(EXERCISE INSTRUCTIONS) After locating the line that contains "Watercolor & Brush Photo", transcribe exactly that line and each one after it until the data ends, skipping pictures.

(Stored data)
'''

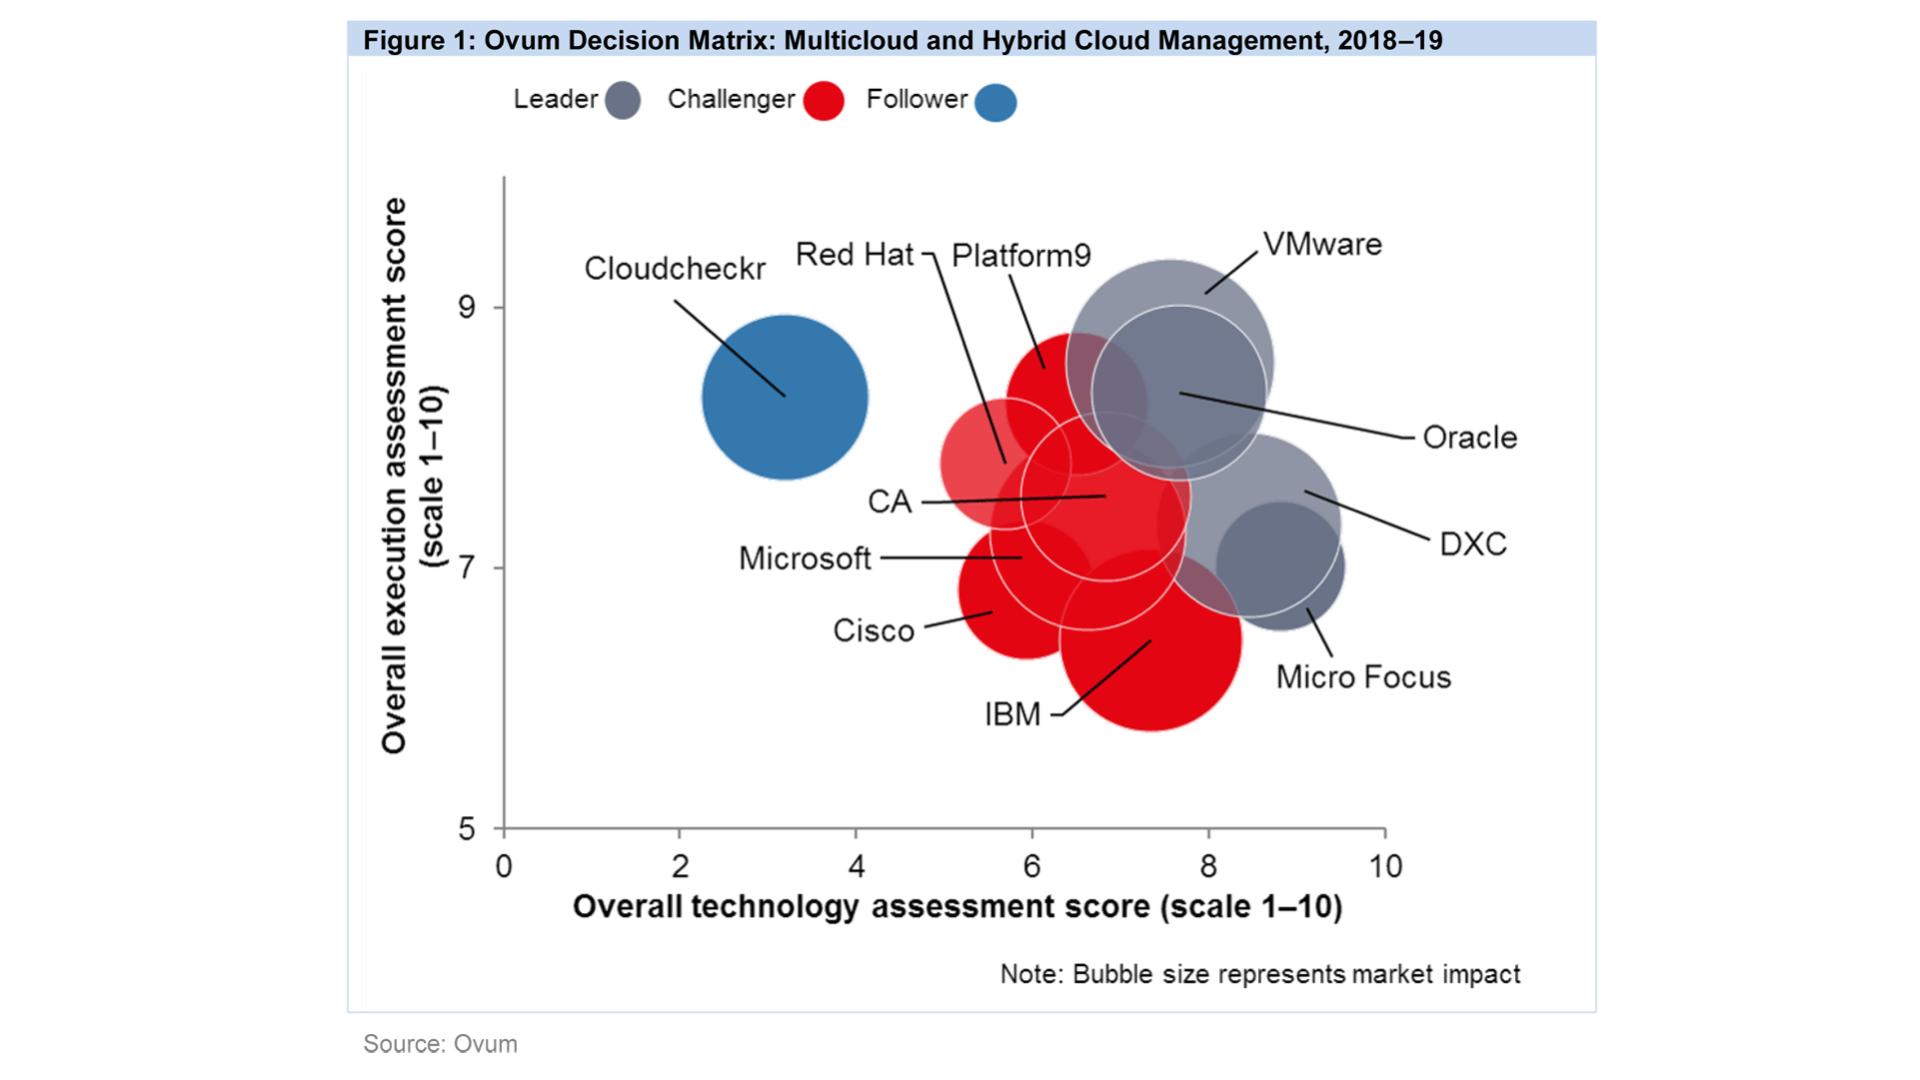 Ovum Decision Matrix: Multicloud and Hybrid Cloud Management
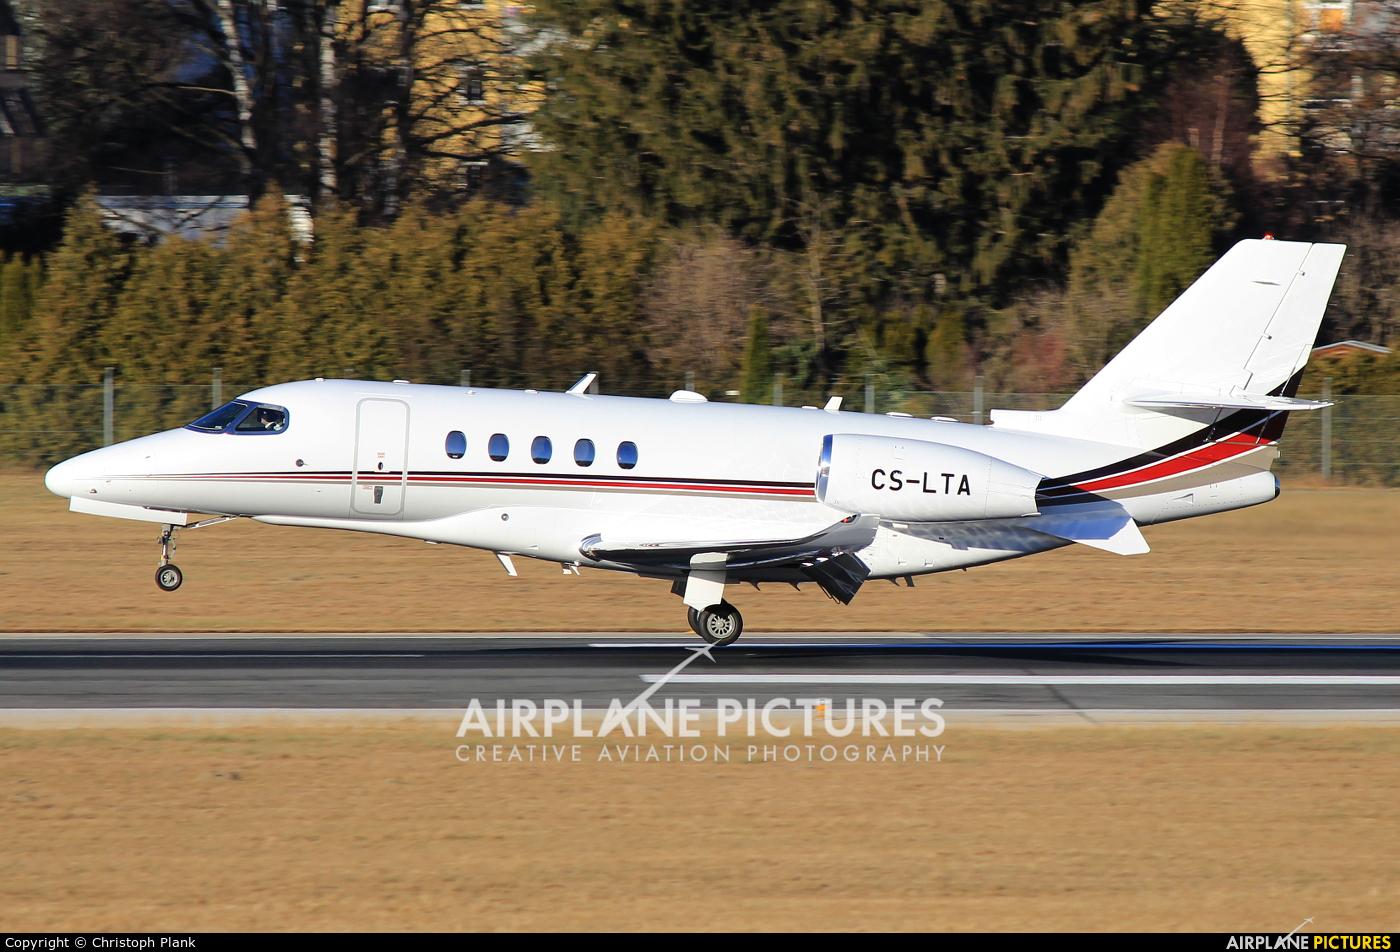 NetJets Europe (Portugal) CS-LTA aircraft at Innsbruck
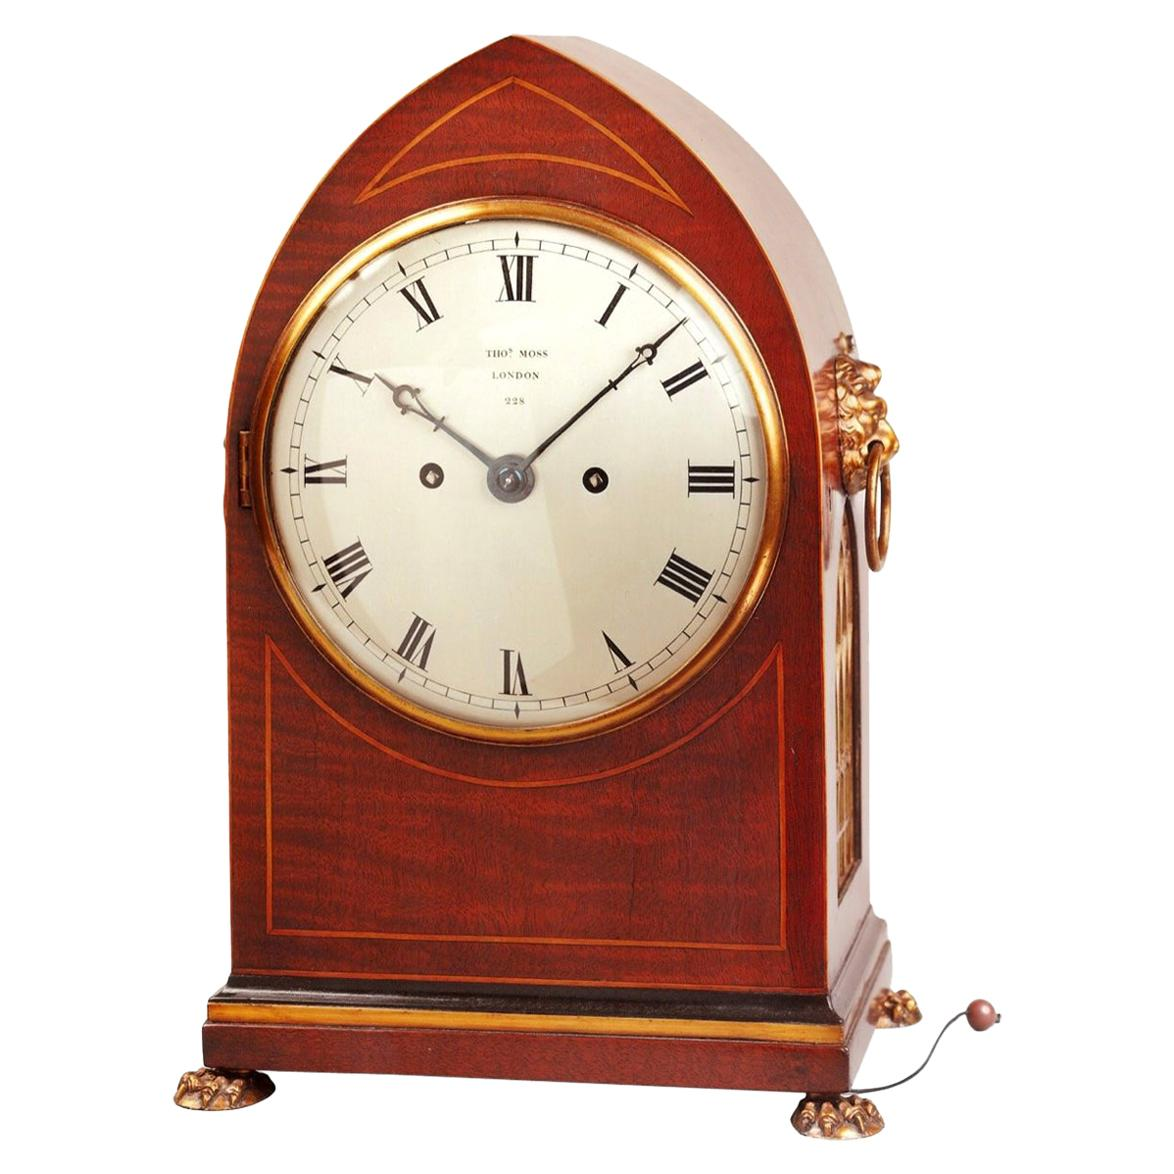 19th Century Antique Regency Mahogany Bracket Clock by Thomas Moss of London
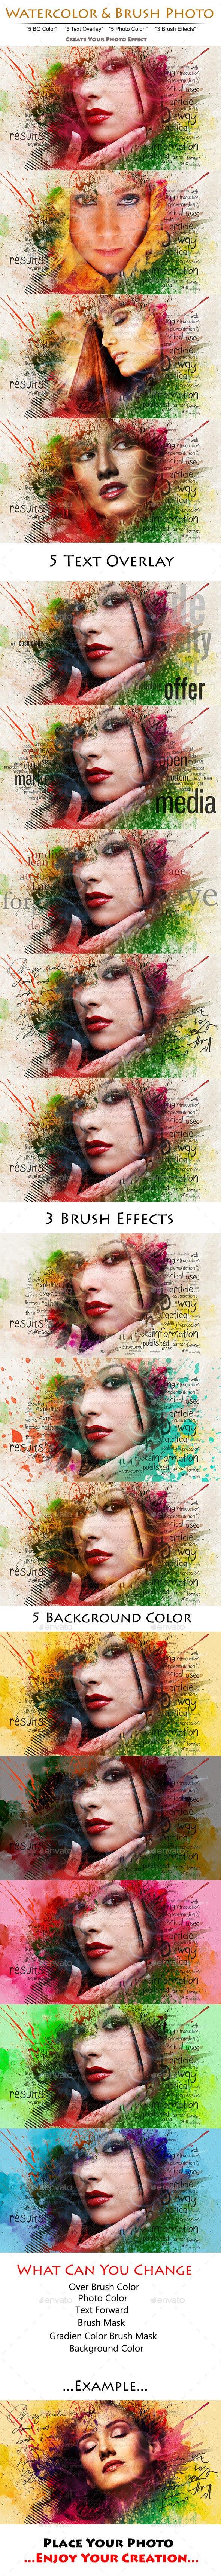 Watercolor & Brush Photo
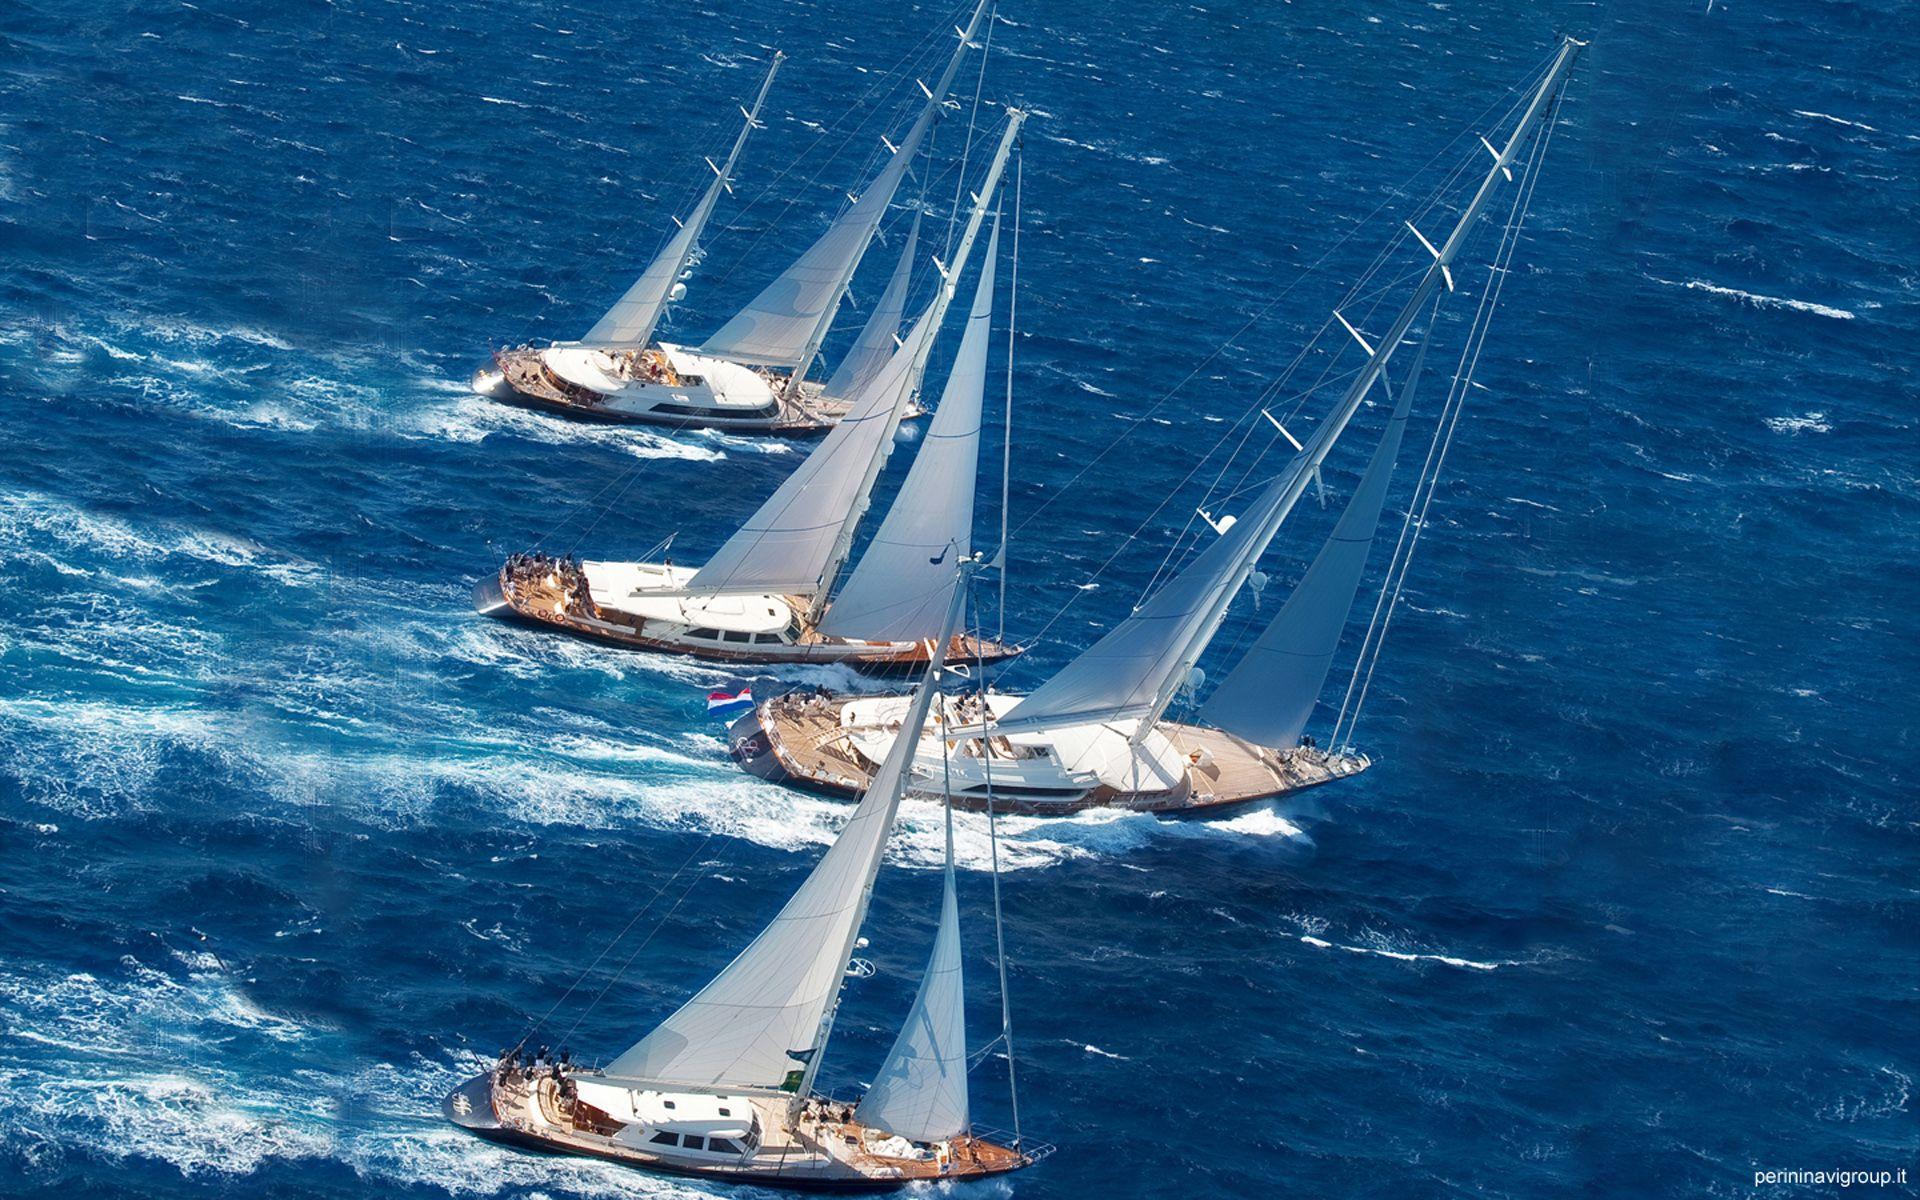 Perini Navi Cup Boat, Sailing, Power boats

'''

(EXPECTED ANSWER)
 Watercolor & Brush Photo
 Perini Navi Cup Boat, Sailing, Power boats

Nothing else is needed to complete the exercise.